14, 15-EET induces breast cancer cisplatin resistance through integrin αvβ3 and FAK/PI3K/AKT signaling
Tumor cells display EMT and lead to enhanced drug resistance, as 14, 15-EET induced breast cancer cells EMT, we examined the role of 14, 15-EET in tumor cells sensitivity to cisplatin. MTT assay showed that 14, 15-EET significantly reduced tumor cells sensitivity to cisplatin, while 14, 15-EEZE reversed 14, 15-EET-induced cisplatin resistance (Fig. 5a). Knocking down of αv or β3 integrin reversed 14, 15-EET-induced tumor cells cisplatin resistance (Fig. 5b). Moreover, both PF562271 and LY294002 were found to reduce 14, 15-EET-induced tumor cells cisplatin resistance (Fig. 5c). These data indicated that integrin αvβ3 and FAK/PI3K/AKT signaling mediate 14, 15-EET-induced breast cancer cells cisplatin resistance.
14, 15-EET induces breast cancer cells EMT and cisplatin resistance in vivo
We further evaluated the role of 14, 15-EET on MDA-MB-231 cells EMT and cisplatin resistance in xenograft model. In line with our earlier observations, the expression of E-cadherin decreased while the expression of vimentin increased obviously after 14,15-EET treament. (Fig. 6a). The average tumor volume of cisplatin-treated tumors was significantly smaller than that of 14, 15-EET/cisplatin-treated tumors (Fig. 6b, c). Histologic examination of the tumors showed dramatically increased cellularity in the 14, 15-EET/cisplatin-treated compared with cisplatin-treated tumors (Fig. 6d). Immunohistochemical staining of the 14, 15-EET/cisplatin-treated compared with cisplatin-treated tumors showed increased Ki67 levels (Fig. 6d). Whereas 14, 15-EEZE, reversed 14, 15-EET’s effect. These results suggested that 14, 15-EET promotes breast cancer cells EMT and reduces cisplatin sensitivity in vivo.
To develop a novel and efficient therapy for human breast cancer treatment, it is necessary to elucidate the molecular mechanisms underlying tumor metastasis and drug resistance.

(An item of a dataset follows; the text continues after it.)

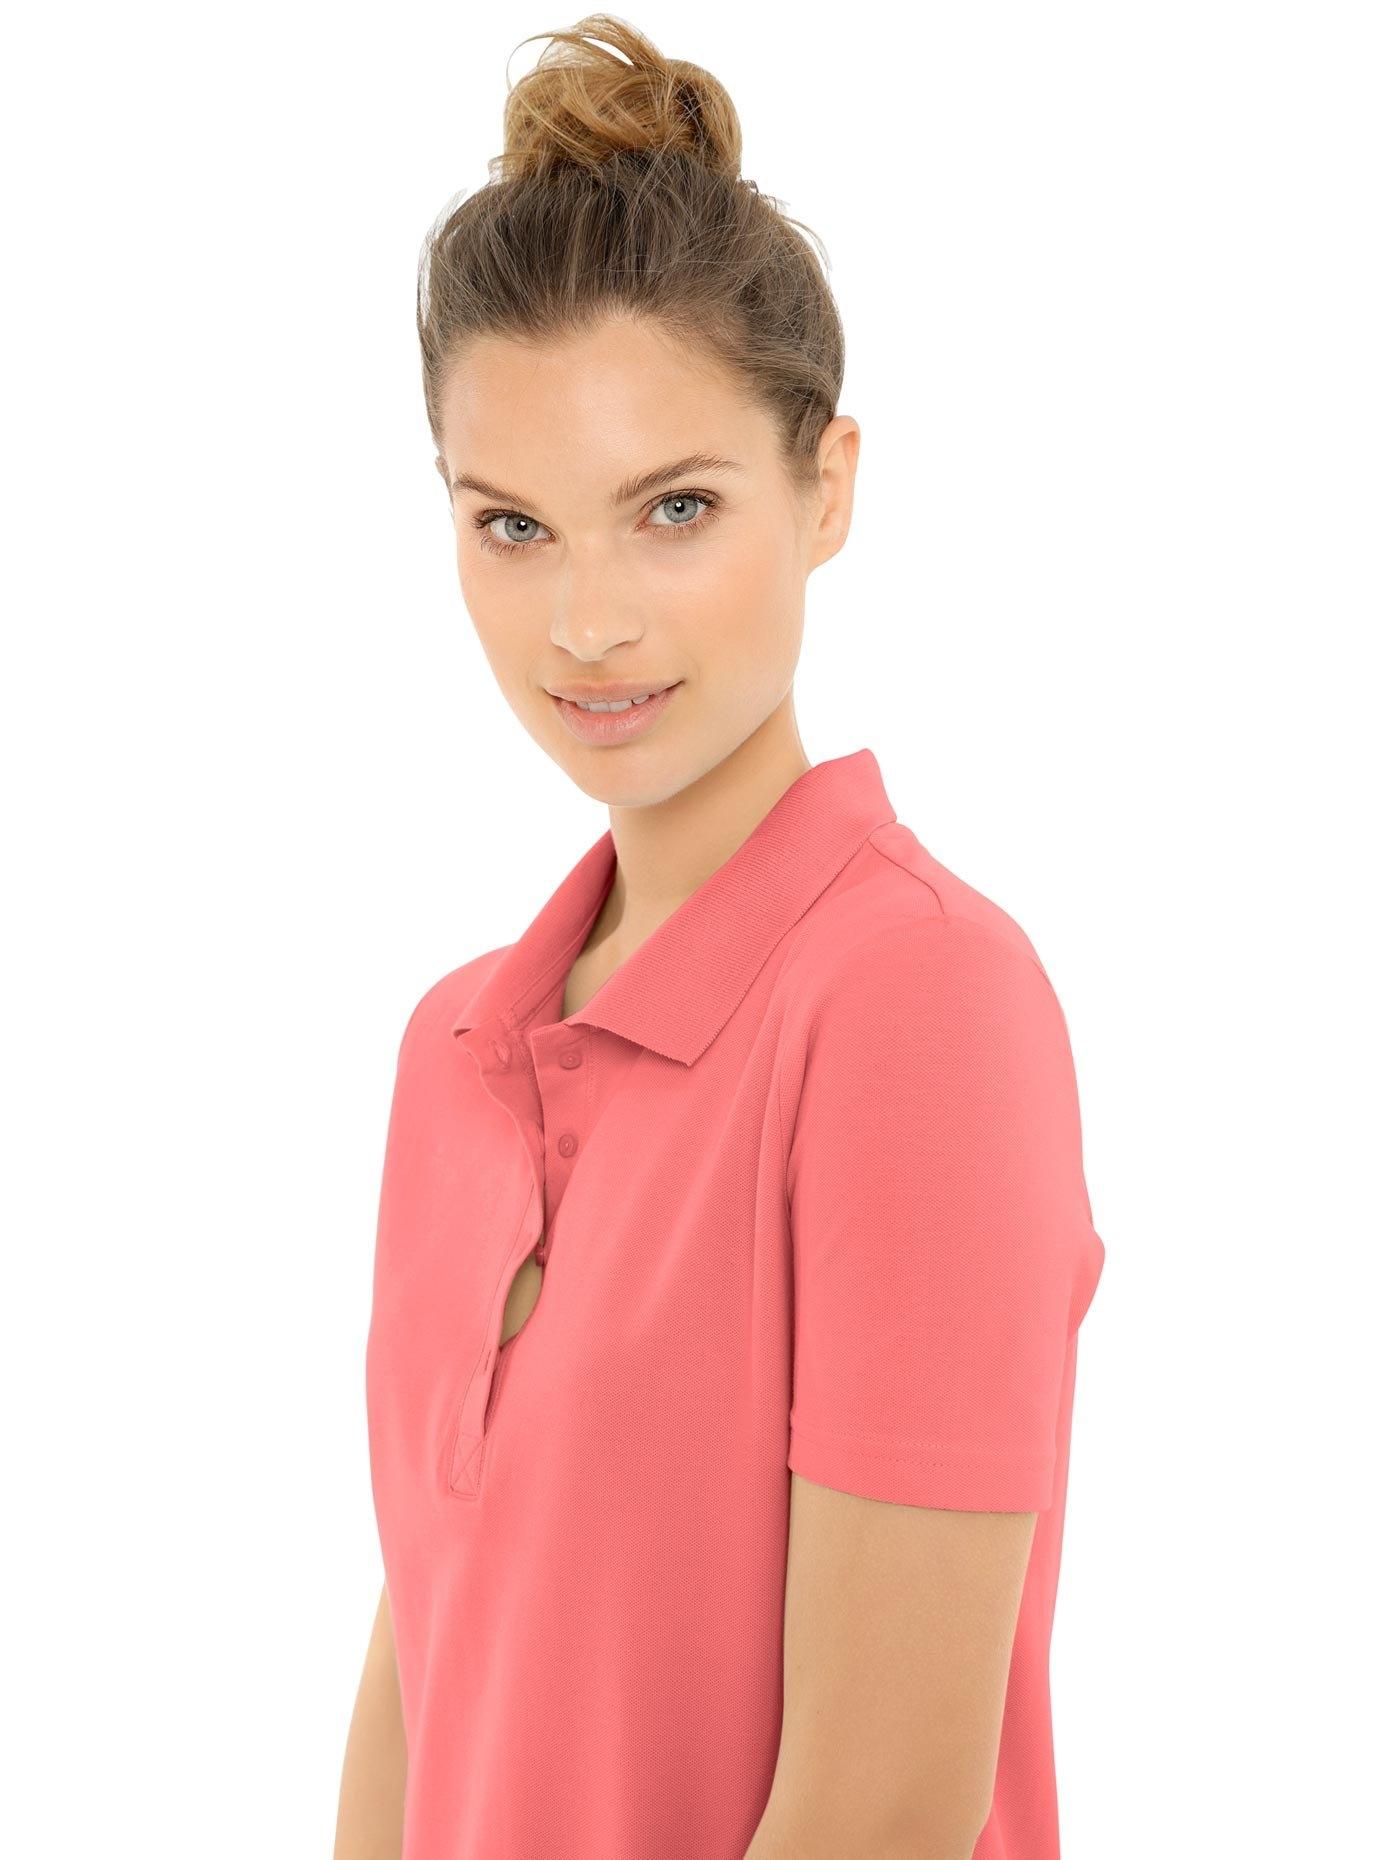 B.C. BEST CONNECTIONS by Heine shirtjurk aansluitend voordelig en veilig online kopen

Accumulating evidence have suggested that 14, 15-EET promotes tumor metastasis and progression in various cancers including breast cancer [17, 18]. In the present study, we demonstrated that 14, 15-EET up-regulates integrin αvβ3 expression and results in FAK/PI3K/AKT activation. Furthermore, we found that 14, 15-EET induces breast cancer cells EMT and cisplatin resistance through integrin αvβ3 and its downstream FAK/PI3K/AKT/ signaling. Our finding provide an insight into the function of 14, 15-EET in regulating breast cancer cell EMT and cisplatin resistance.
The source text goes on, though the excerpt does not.